- Your goal: Would you transcribe the listing that follows word for word, skipping pictures?

- Data below:
***

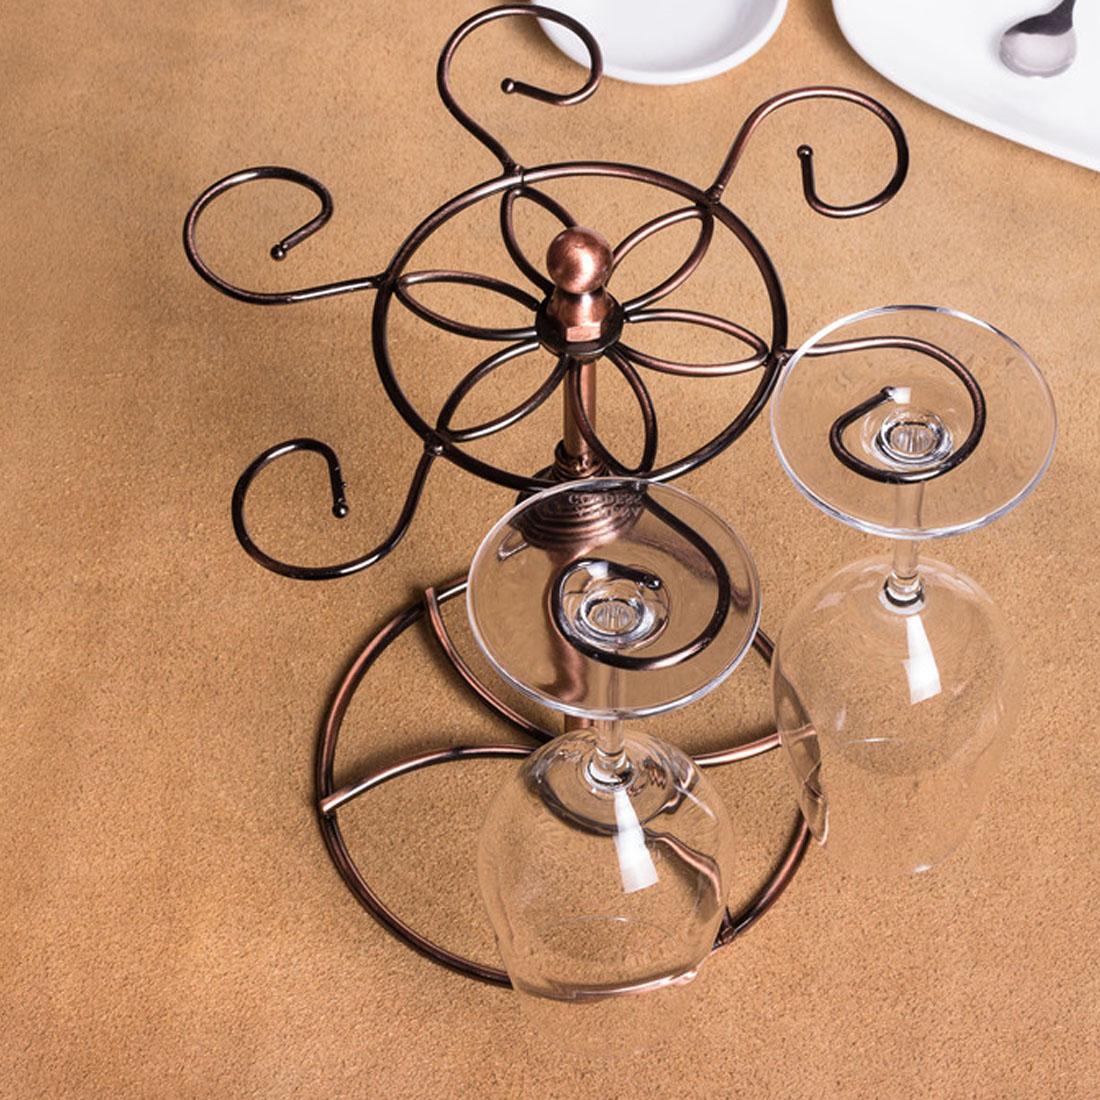 Metal Elegant Tabletop 6 Wine Glass Drying Rack Holder Display Bronze Tone 5
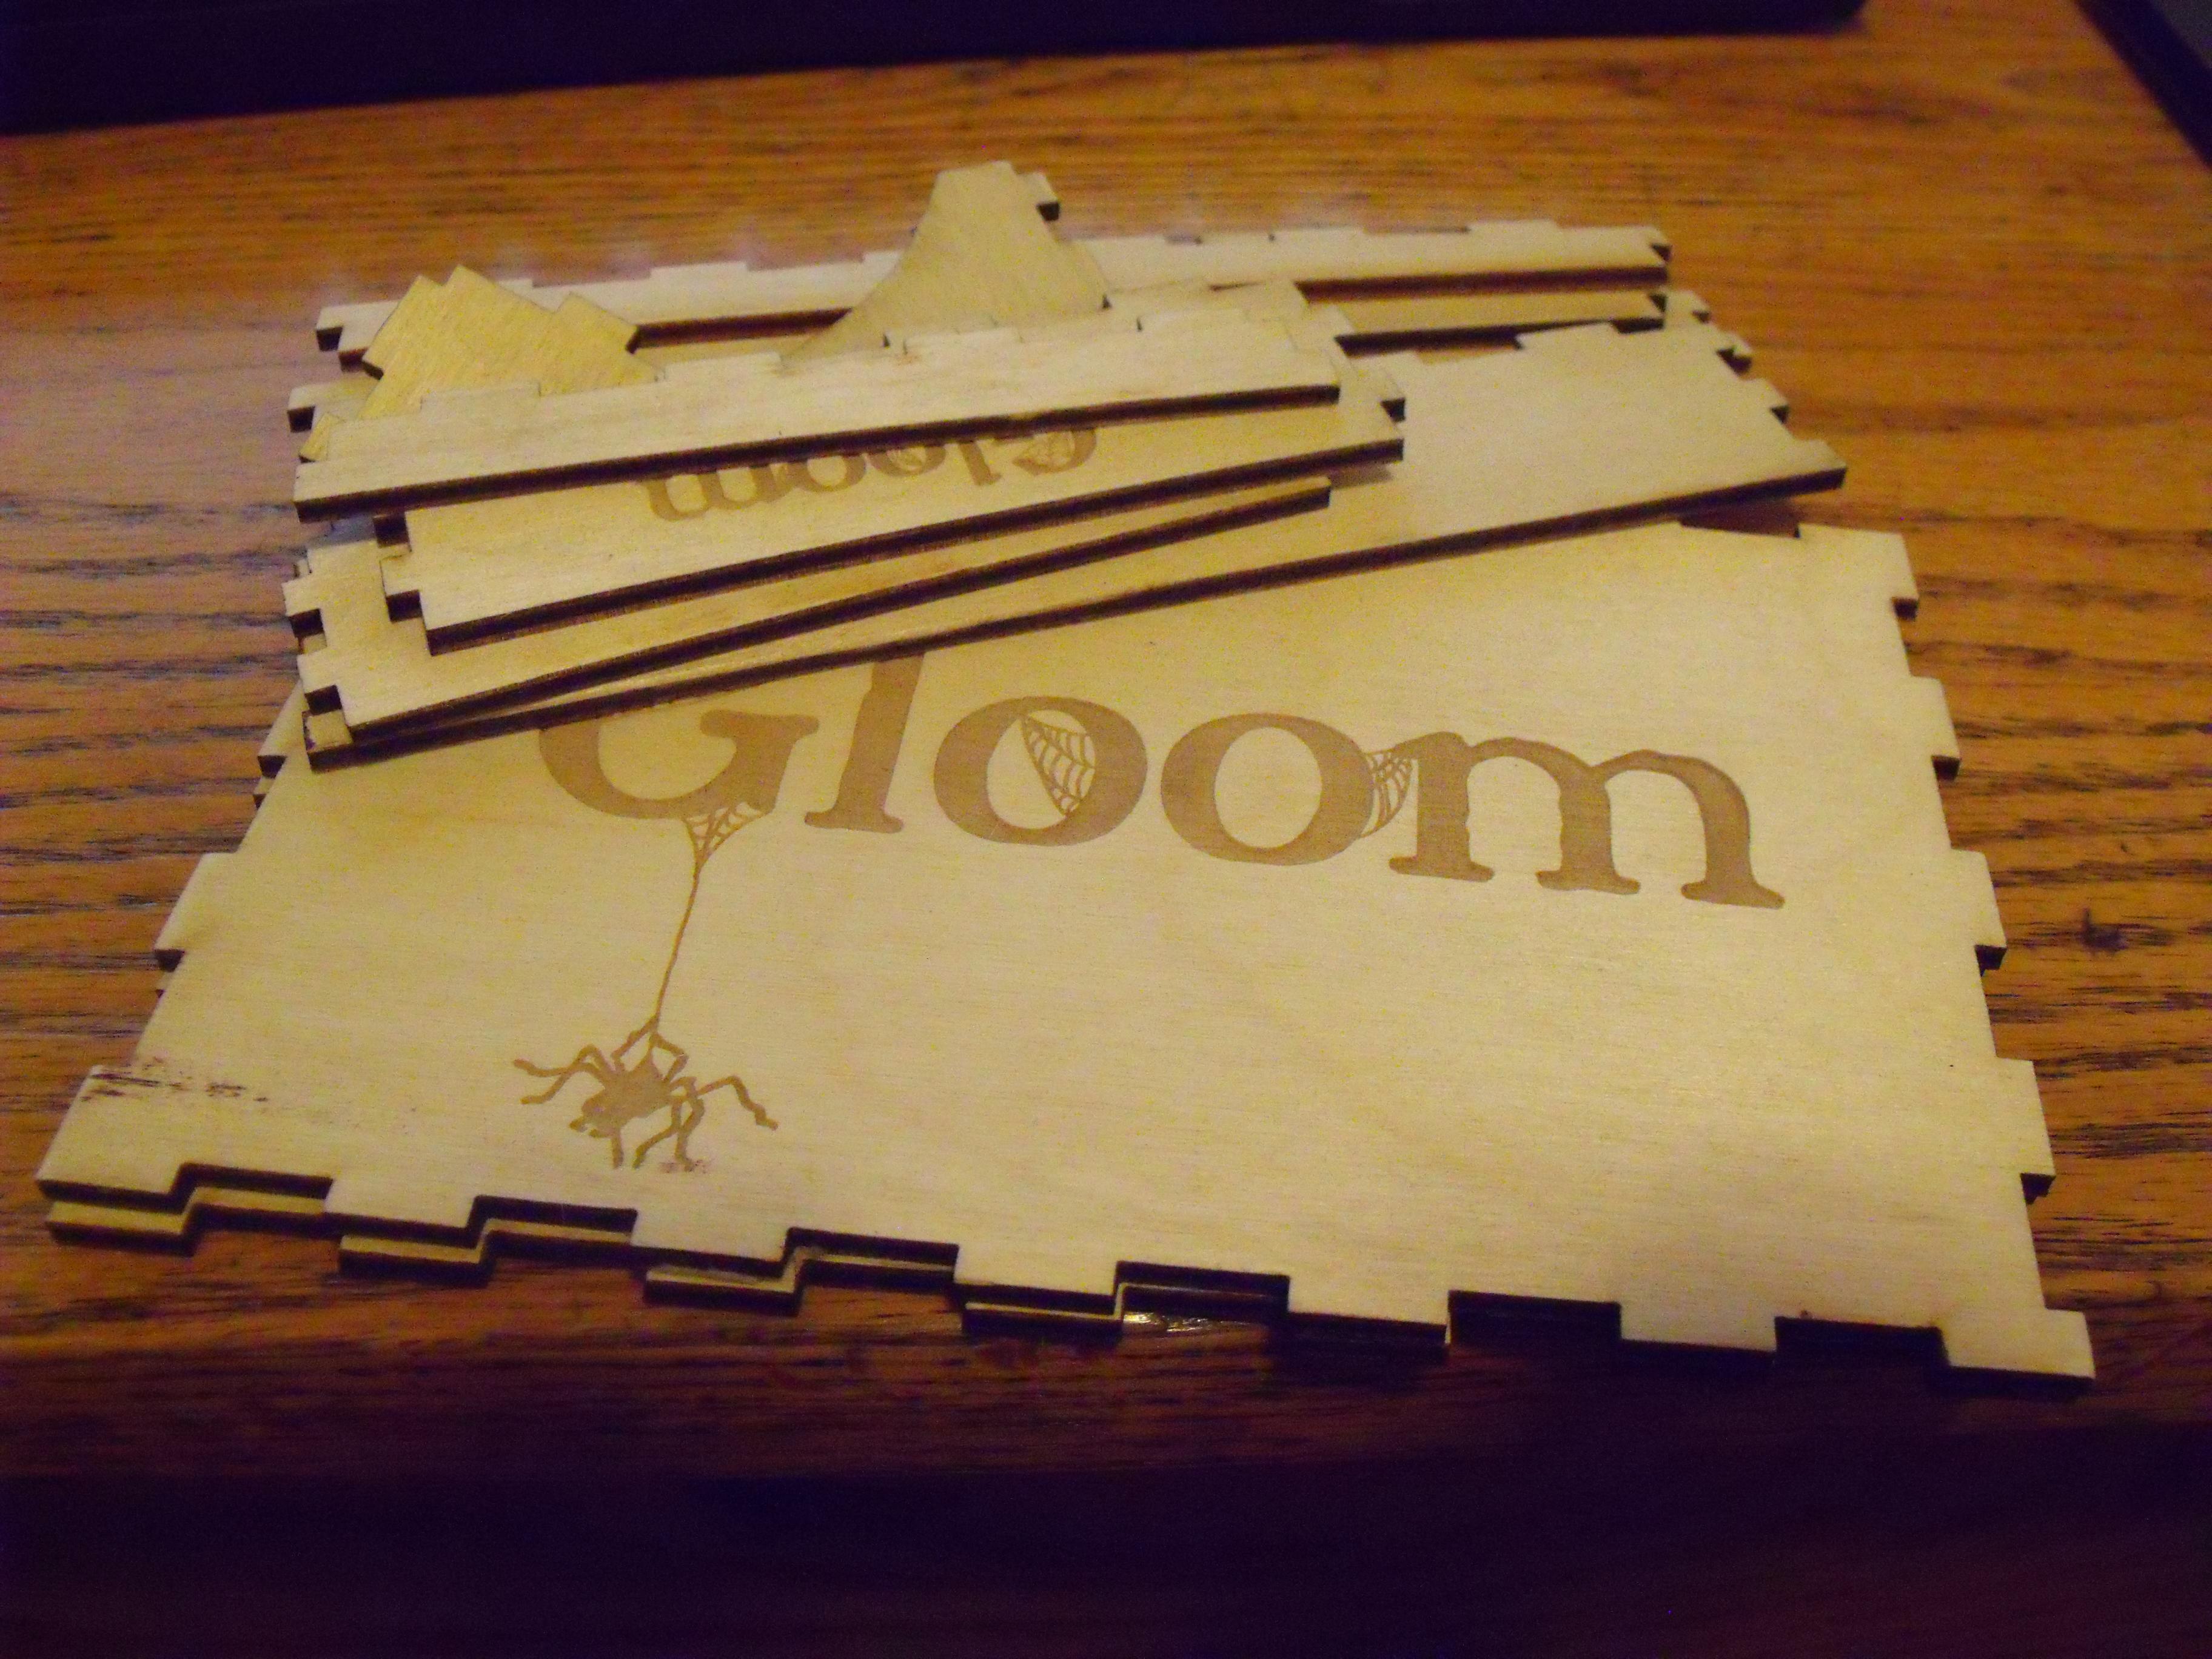 Gloom Box Parts
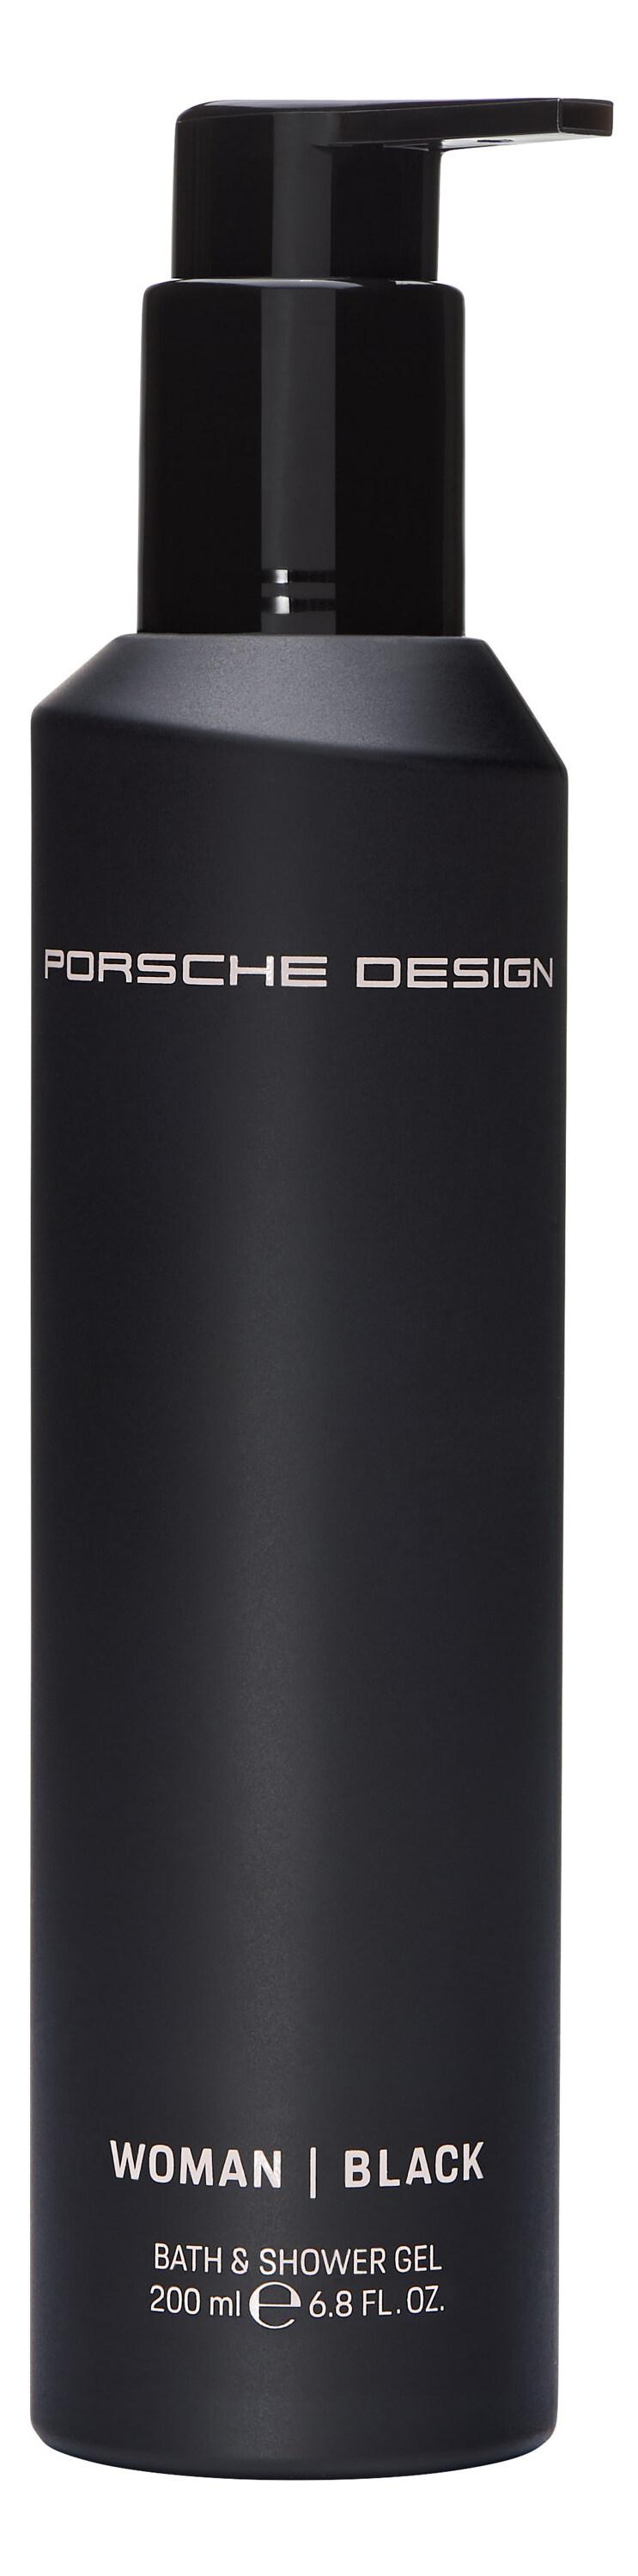 Porsche Design Woman Black by Porsche Design (2019
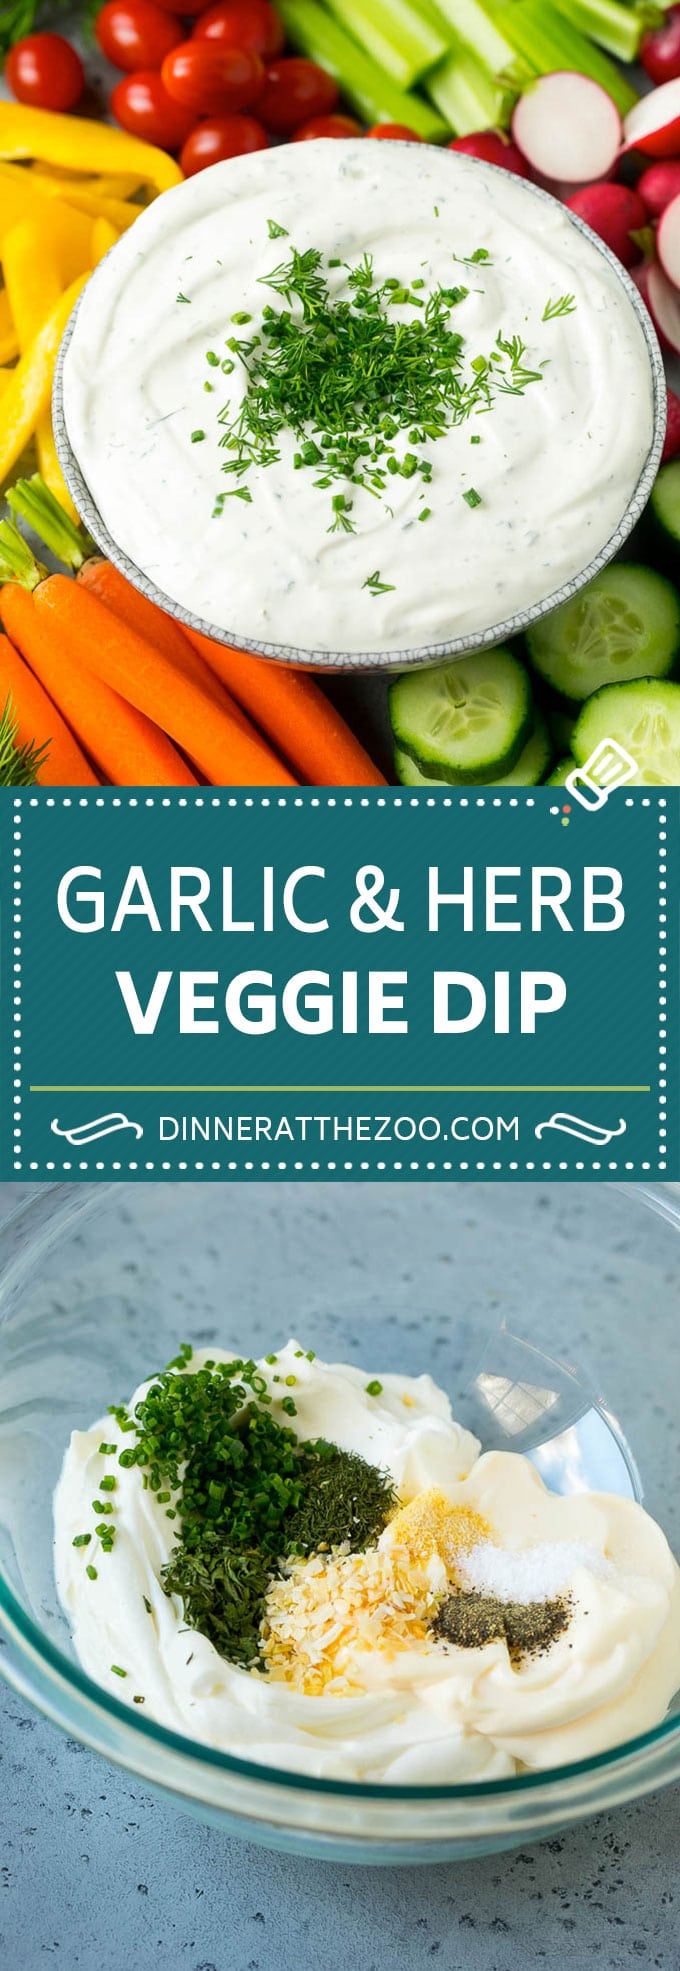 Veggie Dip Recipe   Garlic & Herb Dip   Vegetable Dip #dip #appetizer #lowcarb #keto #vegetables #dinneratthezoo

***

- Answer space:
 Metal Elegant Tabletop 6 Wine Glass Drying Rack Holder Display Bronze Tone 5
 Gloom Box Parts
 Porsche Design Woman Black by Porsche Design (2019
 Veggie Dip Recipe   Garlic & Herb Dip   Vegetable Dip #dip #appetizer #lowcarb #keto #vegetables #dinneratthezoo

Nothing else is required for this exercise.